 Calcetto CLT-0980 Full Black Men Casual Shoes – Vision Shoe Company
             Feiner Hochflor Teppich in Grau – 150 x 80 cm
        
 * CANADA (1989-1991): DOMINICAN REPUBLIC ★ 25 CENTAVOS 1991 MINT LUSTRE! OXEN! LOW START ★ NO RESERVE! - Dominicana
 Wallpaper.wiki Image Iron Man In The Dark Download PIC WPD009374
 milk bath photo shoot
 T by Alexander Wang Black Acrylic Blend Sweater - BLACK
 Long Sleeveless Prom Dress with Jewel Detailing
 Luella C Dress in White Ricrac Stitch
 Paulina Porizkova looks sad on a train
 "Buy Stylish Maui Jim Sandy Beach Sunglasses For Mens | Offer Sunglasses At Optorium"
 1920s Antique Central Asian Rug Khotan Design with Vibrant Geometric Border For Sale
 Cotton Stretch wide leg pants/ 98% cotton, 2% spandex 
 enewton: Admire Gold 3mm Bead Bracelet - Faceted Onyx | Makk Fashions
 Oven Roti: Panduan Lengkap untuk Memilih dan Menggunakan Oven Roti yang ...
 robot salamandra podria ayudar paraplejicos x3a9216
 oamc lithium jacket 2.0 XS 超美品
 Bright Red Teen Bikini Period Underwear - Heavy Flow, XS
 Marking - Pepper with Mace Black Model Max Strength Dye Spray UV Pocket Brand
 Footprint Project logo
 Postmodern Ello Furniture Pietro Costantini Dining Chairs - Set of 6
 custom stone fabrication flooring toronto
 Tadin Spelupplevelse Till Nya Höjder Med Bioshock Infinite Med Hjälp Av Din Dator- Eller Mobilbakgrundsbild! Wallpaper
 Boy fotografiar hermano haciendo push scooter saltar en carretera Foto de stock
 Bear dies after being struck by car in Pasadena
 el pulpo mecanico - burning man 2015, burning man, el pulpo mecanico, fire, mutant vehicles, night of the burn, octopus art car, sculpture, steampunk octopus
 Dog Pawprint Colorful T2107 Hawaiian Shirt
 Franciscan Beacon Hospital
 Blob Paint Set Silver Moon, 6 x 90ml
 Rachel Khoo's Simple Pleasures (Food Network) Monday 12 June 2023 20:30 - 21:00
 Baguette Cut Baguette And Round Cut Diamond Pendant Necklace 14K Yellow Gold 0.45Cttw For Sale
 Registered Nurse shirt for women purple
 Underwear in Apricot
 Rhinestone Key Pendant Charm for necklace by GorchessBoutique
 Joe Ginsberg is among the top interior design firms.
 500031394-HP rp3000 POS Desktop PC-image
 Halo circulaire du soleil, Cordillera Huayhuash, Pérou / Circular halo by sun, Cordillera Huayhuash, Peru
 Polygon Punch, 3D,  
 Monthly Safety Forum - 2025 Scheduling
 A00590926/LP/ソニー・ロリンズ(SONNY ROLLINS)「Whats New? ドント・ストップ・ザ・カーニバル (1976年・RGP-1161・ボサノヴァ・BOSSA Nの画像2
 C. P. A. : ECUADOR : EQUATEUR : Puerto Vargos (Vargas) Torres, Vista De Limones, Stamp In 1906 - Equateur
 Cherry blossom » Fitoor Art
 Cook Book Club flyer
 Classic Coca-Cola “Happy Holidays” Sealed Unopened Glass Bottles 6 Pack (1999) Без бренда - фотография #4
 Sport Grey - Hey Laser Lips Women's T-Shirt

= Directions for this task =
Going down the listing above, begin printing at the line with "Long Sleeveless Prom" and finish with the line with "1920s Antique Central", exactly as they appear.

= Exercise solution =
 Long Sleeveless Prom Dress with Jewel Detailing
 Luella C Dress in White Ricrac Stitch
 Paulina Porizkova looks sad on a train
 "Buy Stylish Maui Jim Sandy Beach Sunglasses For Mens | Offer Sunglasses At Optorium"
 1920s Antique Central Asian Rug Khotan Design with Vibrant Geometric Border For Sale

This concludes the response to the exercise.